▶ Work to complete
Write out the listing below in its entirety, minus the pictures, without changing a word.

▶ Supplied data
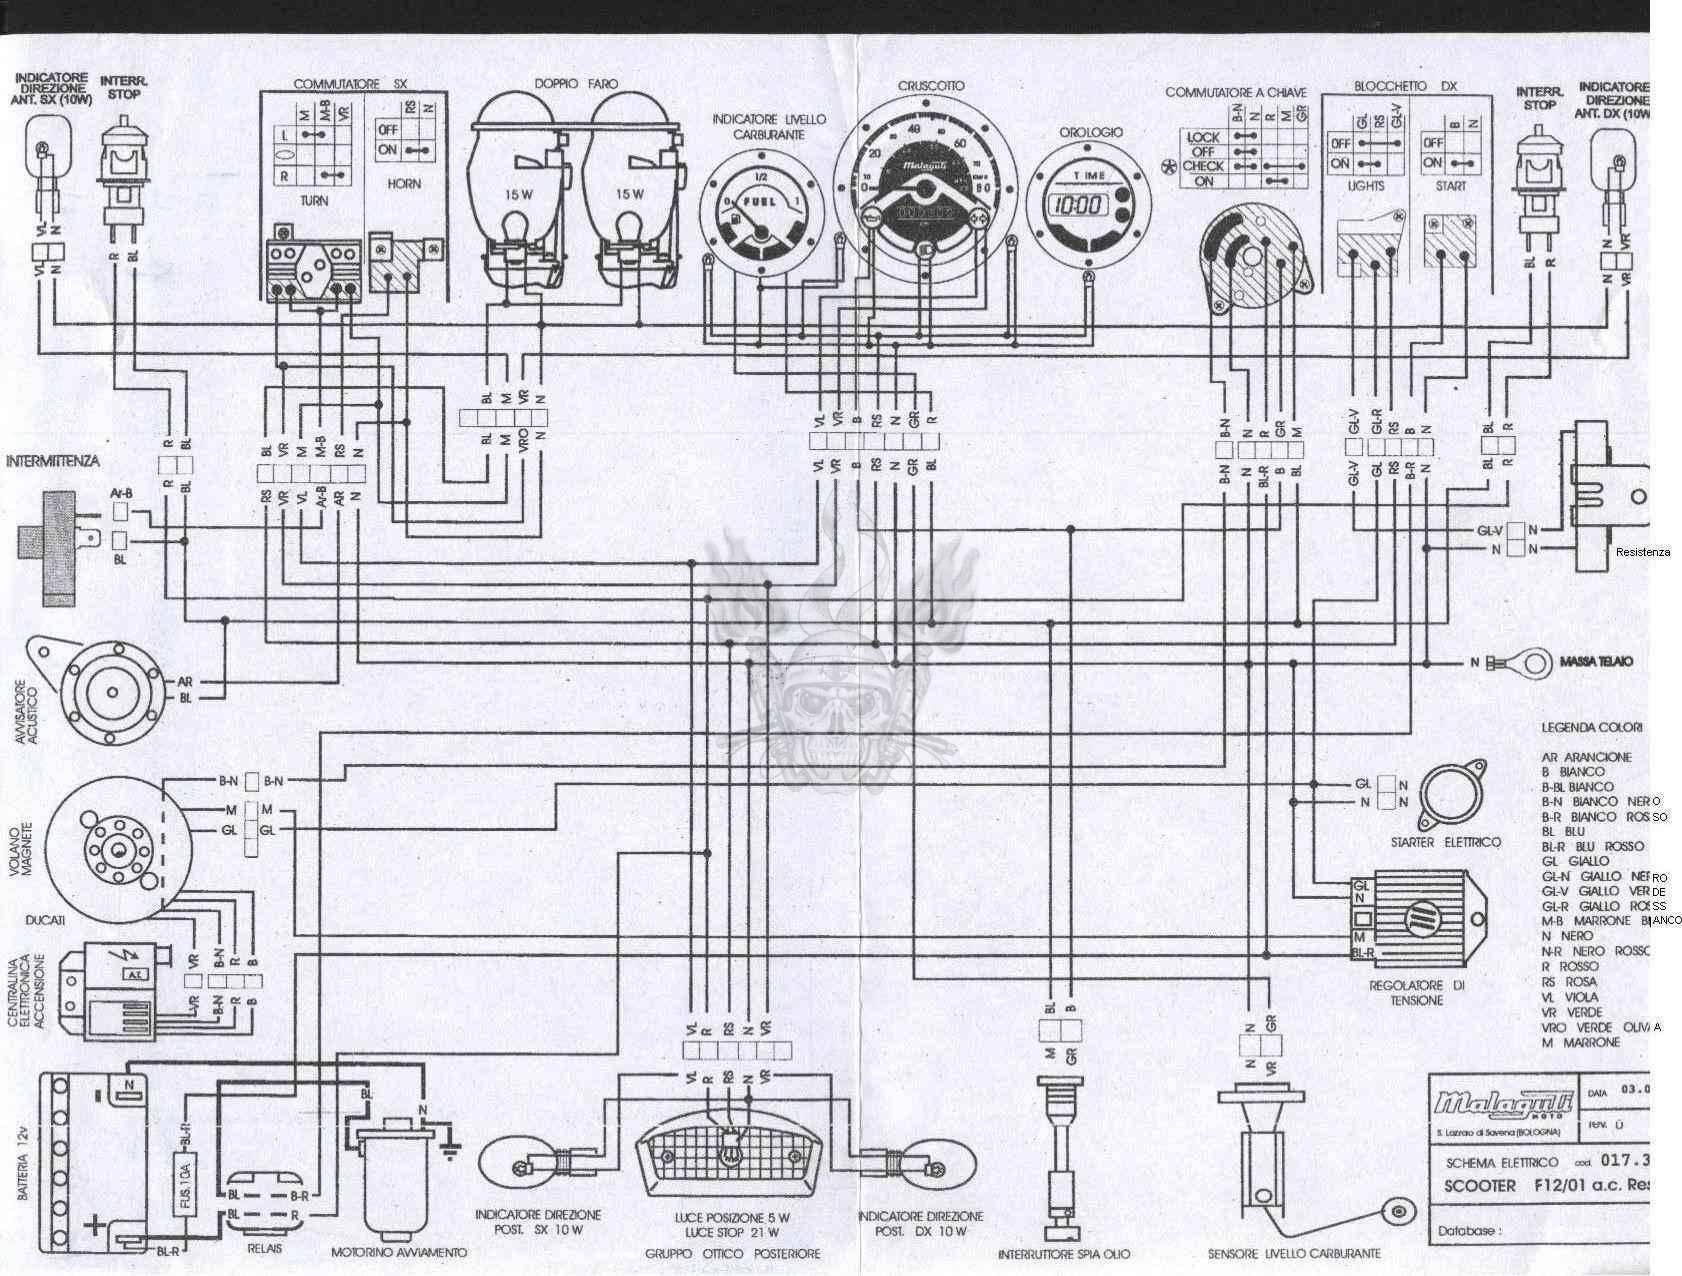 small resolution of malaguti motorcycle manuals pdf wiring diagrams u0026 fault codes mix download moto schem malaguti f12 phantom ac bj01 scooter
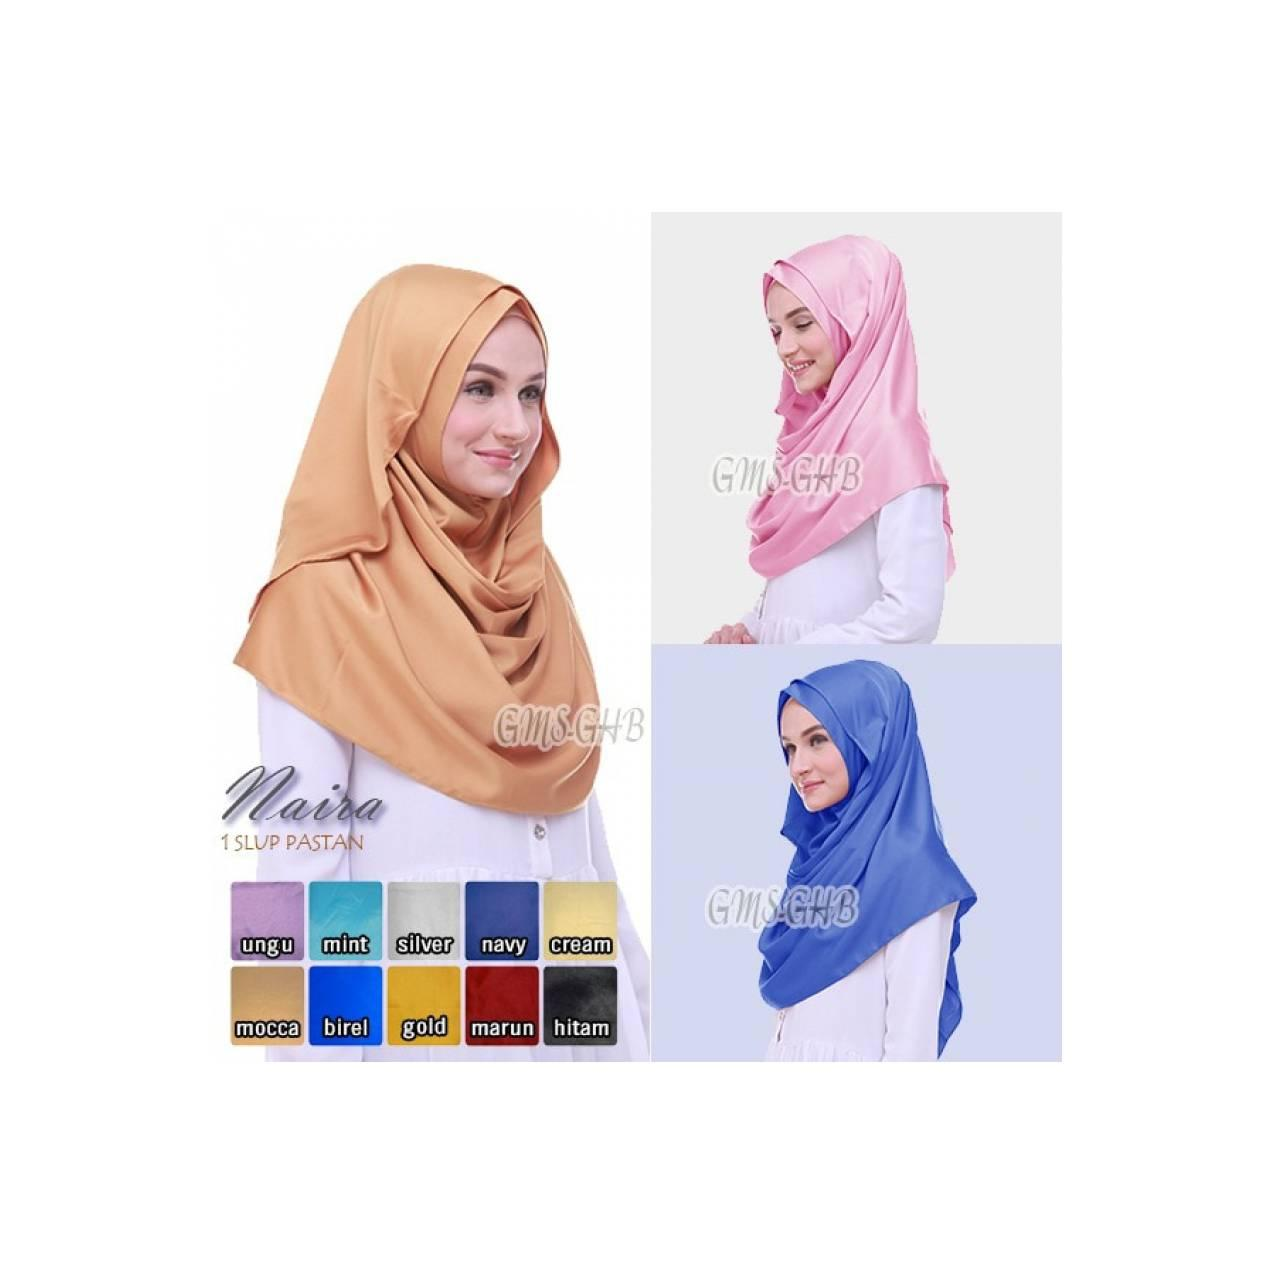 Jilbab Rabbani Hijab Syar i 1Slup Pastan Naira HJ87
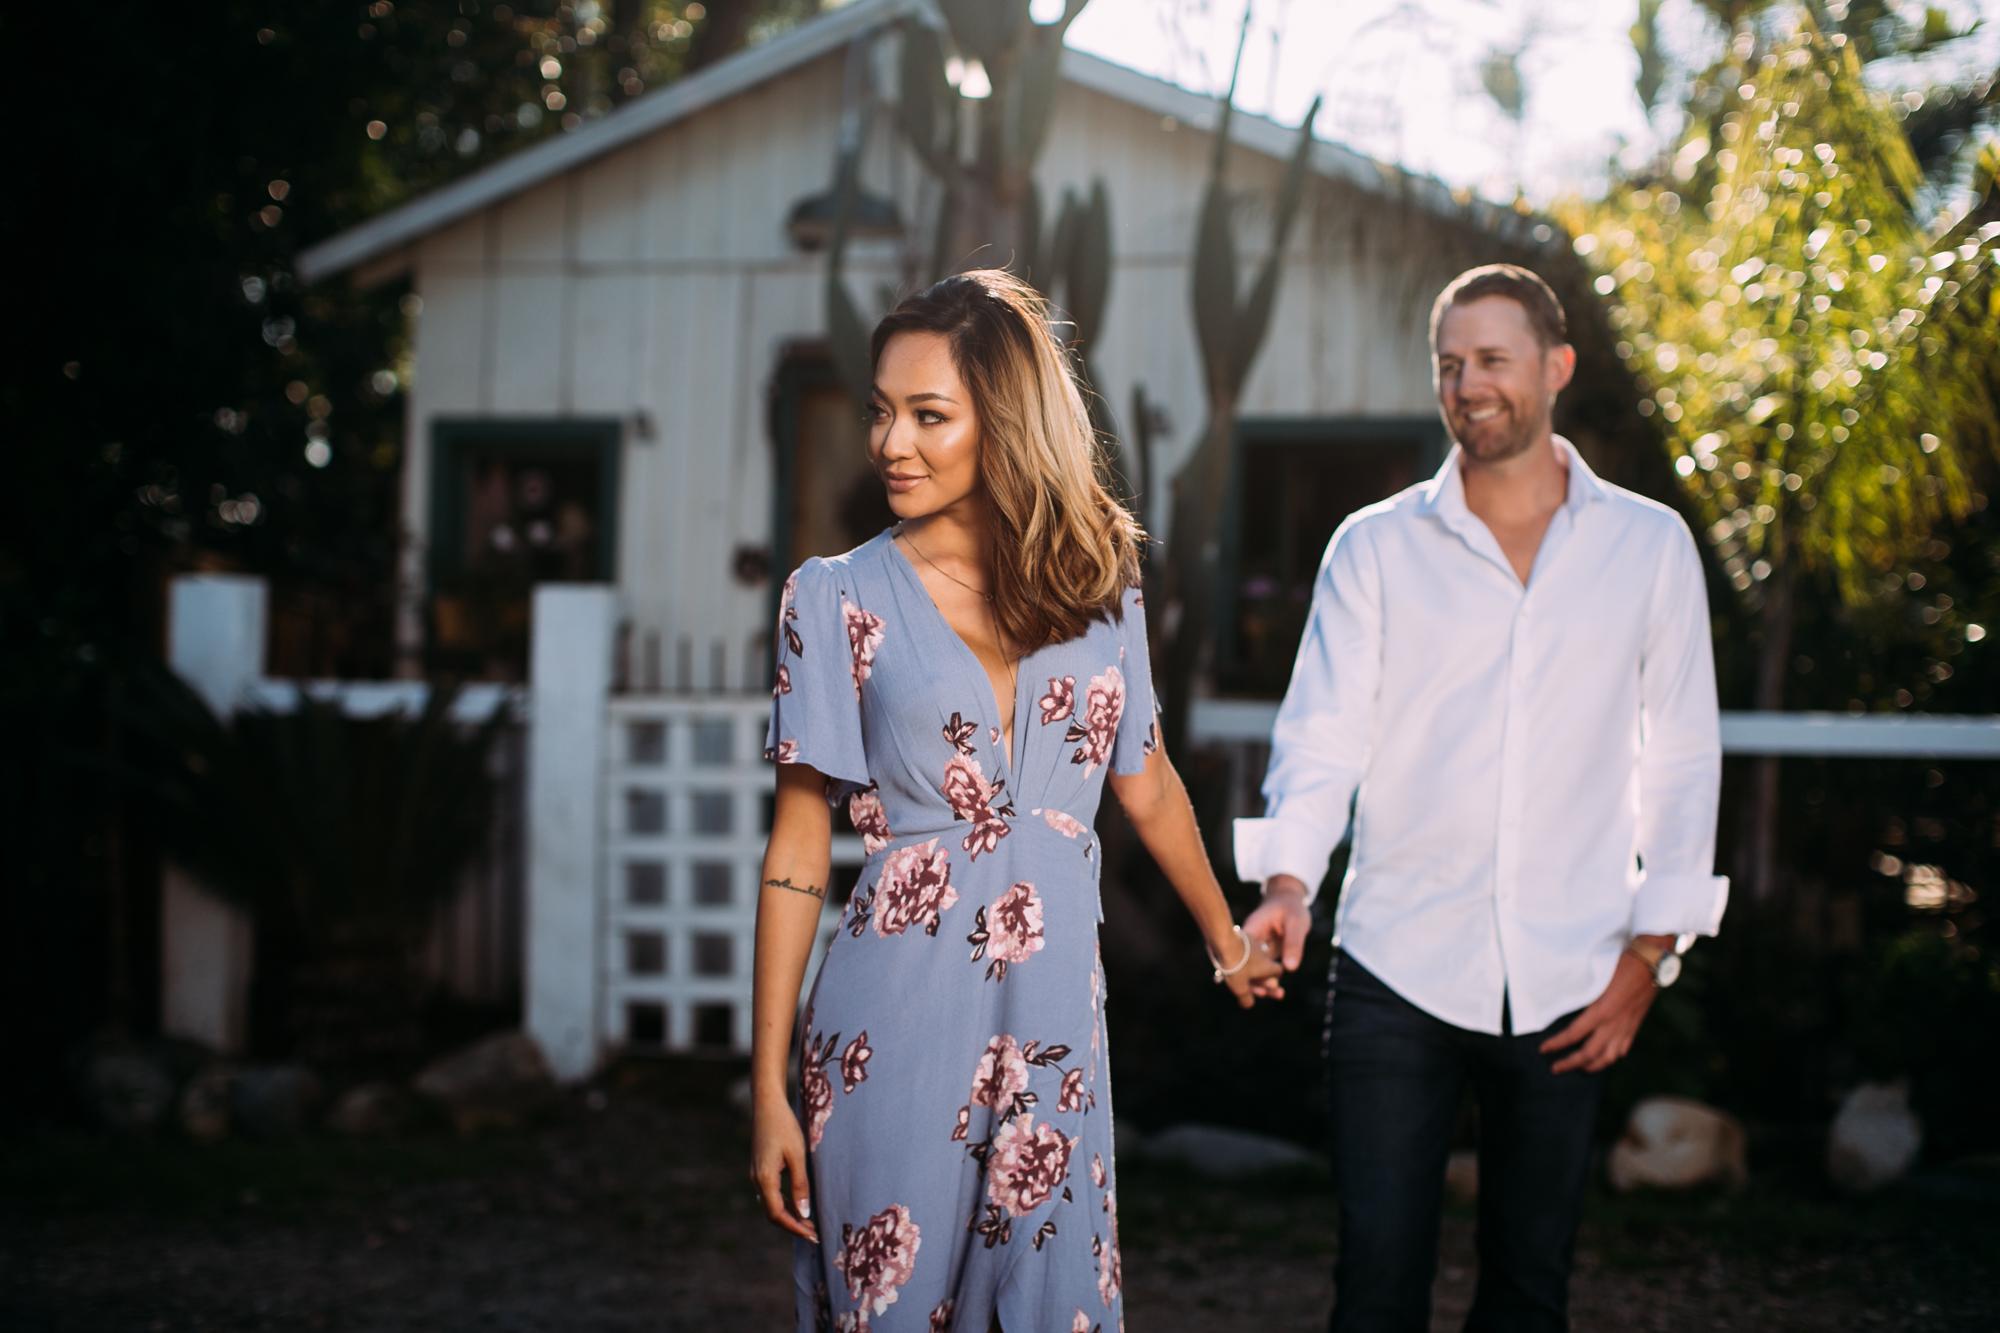 2017.3.11_Caspers-Park_Orange-County-Engagement-Sarah-Mack-Photo  89.jpg

▶ Answer
 small resolution of malaguti motorcycle manuals pdf wiring diagrams u0026 fault codes mix download moto schem malaguti f12 phantom ac bj01 scooter
 Jilbab Rabbani Hijab Syar i 1Slup Pastan Naira HJ87
 2017.3.11_Caspers-Park_Orange-County-Engagement-Sarah-Mack-Photo  89.jpg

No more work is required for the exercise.